Re: [patch 0/9] buffered write deadlock fix

Andrew Morton <akpm@xxxxxxxx> · Tue, 30 Jan 2007 12:55:58 -0800

On Mon, 29 Jan 2007 11:31:37 +0100 (CET)
Nick Piggin <npiggin@xxxxxxx> wrote:

> The following set of patches attempt to fix the buffered write
> locking problems 

y'know, four or five years back I fixed this bug by doing

	current->locked_page = page;

in the write() code, and then teaching the pagefault code to avoid locking
the same page.  Patch below.

But then evil mean Hugh pointed out that the patch is still vulnerable to
ab/ba deadlocking so I dropped it.

But Hugh lied!  There is no ab/ba deadlock because both a and b need
i_mutex to get into the write() path.

This approach doesn't fix the writev() performance regresson which
nobody has measured yet but which the NFS guys reported.

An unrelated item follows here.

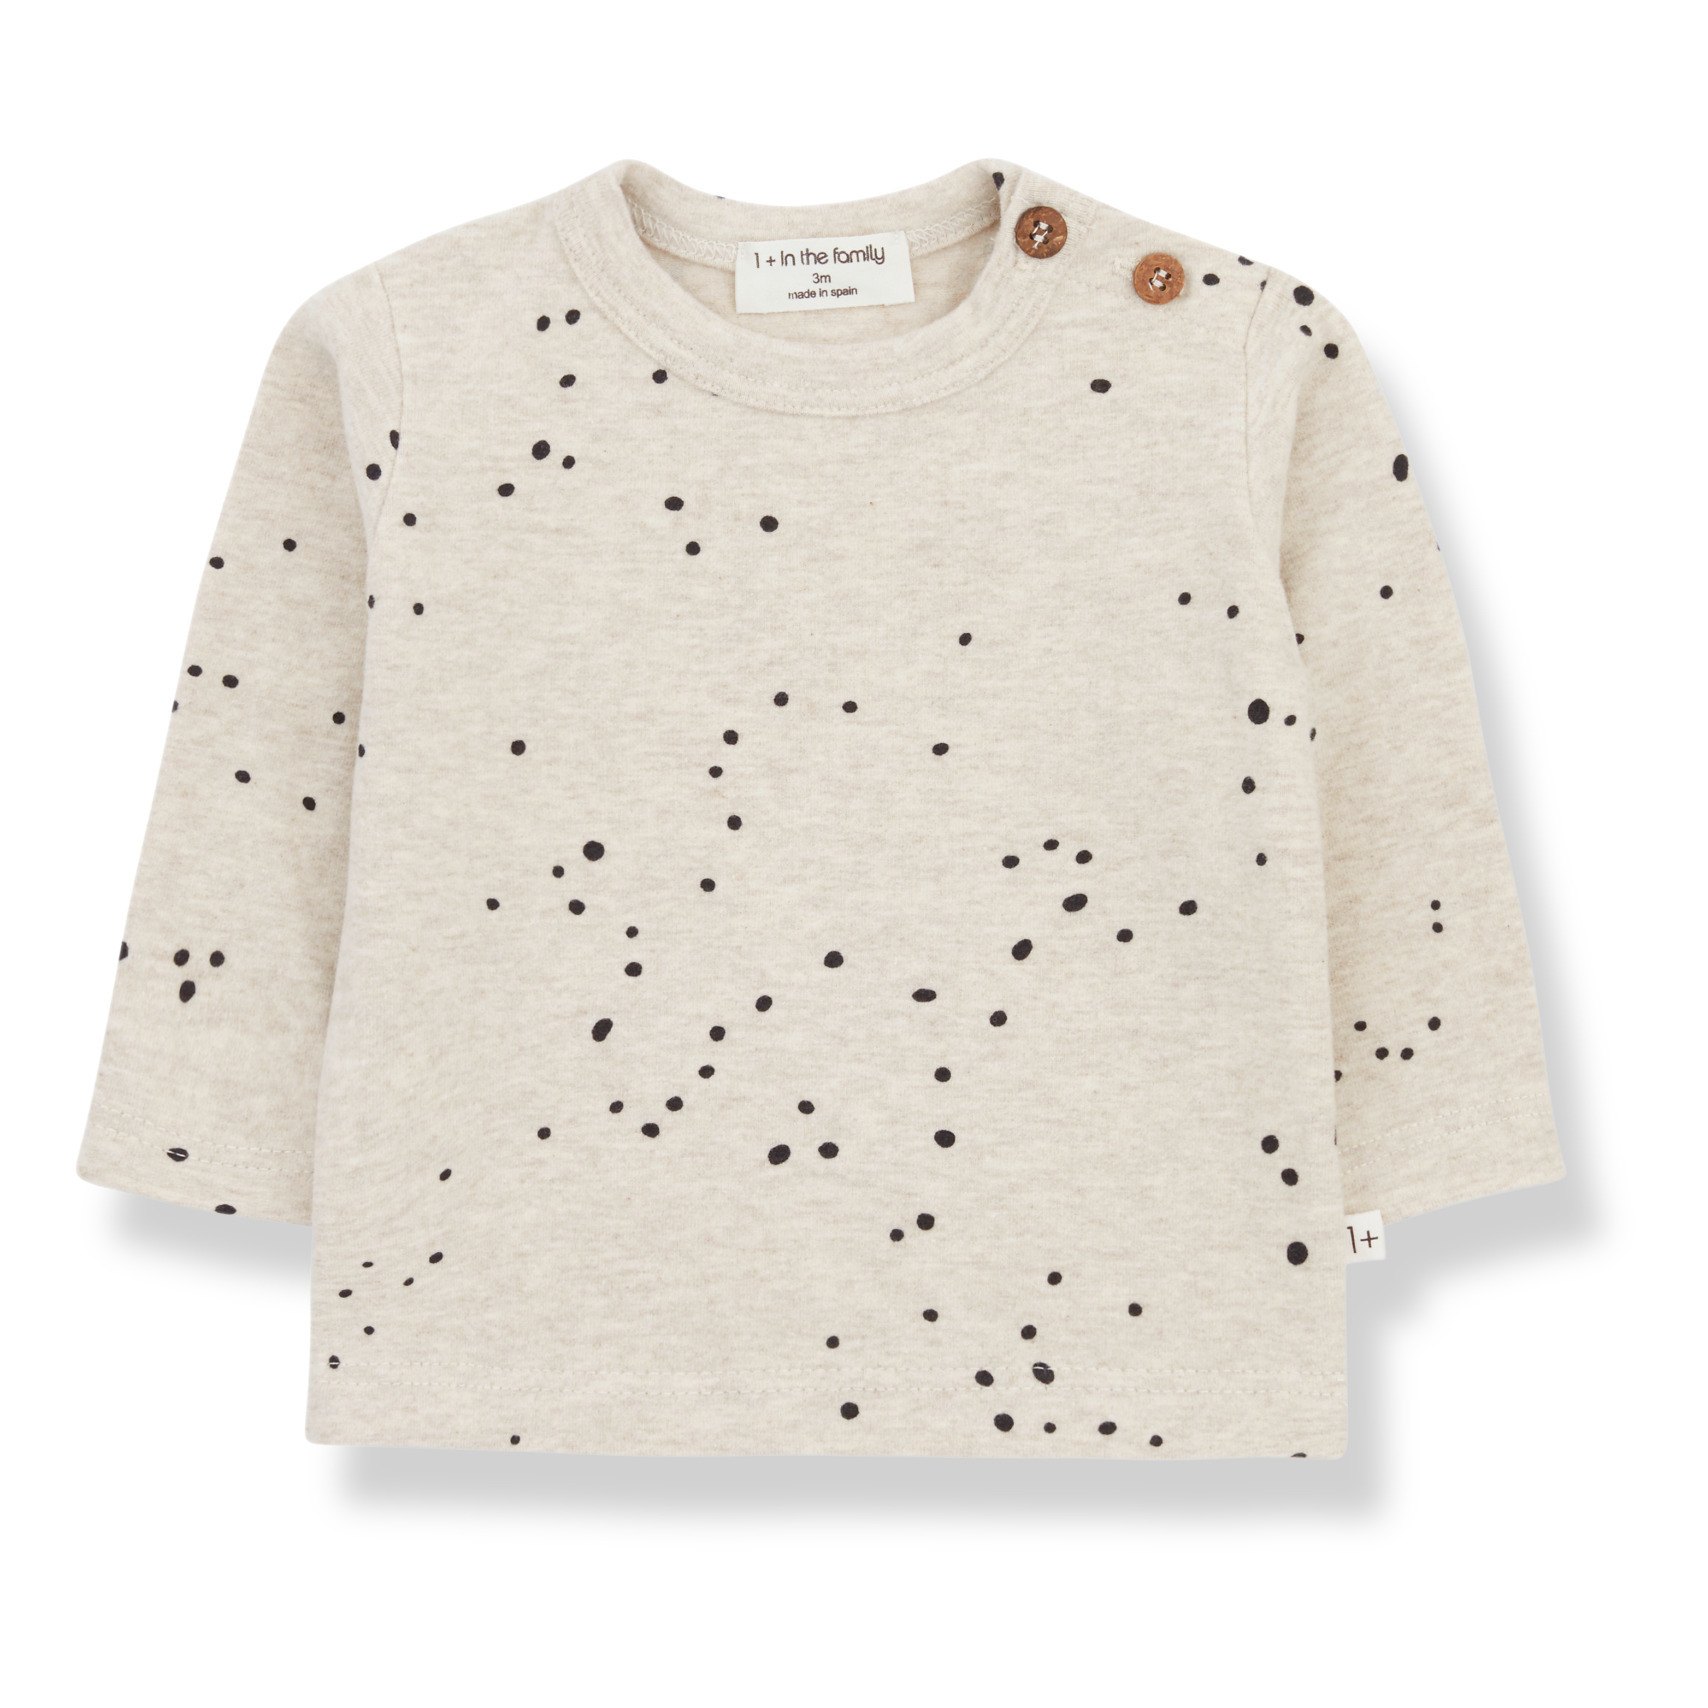 tee-shirt-mouchete-onemoreinthefamily

But I think with this fix in place we can go back to a modified version of
the 2.6.17 filemap.c code and get that performance back, but I haven't
thought about that.

It's a heck of a lot simpler than your patches though ;)





There is a longstanding problem in which the kernel can deadlock if an
application performs a write(bf, buf, n), and `buf' points at a mmapped
page of `fd', and that page is the pagecache page into which this write
will write, and the page is not yet present.

The kernel will put a new page into pagecache, lock it, run
copy_from_user().  The copy will fault and filemap_nopage() will try to
lock the page in preparation for reading it in.  But it was already
locked up in generic_file_write().

We have had a workaround in there - touch the userspace address by hand
(to fault it in) before locking the pagecache page, and hope that it
doesn't get evicted before we try to lock it.

But there's a place in the kmap_atomic-for-generic_file_write code
where this race is detectable.  I put a printk in there and saw a
stream of them during heavy testing.  So the workaround doesn't work.


What this patch does is

- within generic_file_write(): record the locked page in current->locked_page

- within filemap_nopage, look to see if the page which we're faulting
  in is equal to current->locked_page.

  If it is, taken special action: instead of locking the page,
  reading it and unlocking it, we assume that the page is already
  locked.  Bring it uptodate and relock it before returning.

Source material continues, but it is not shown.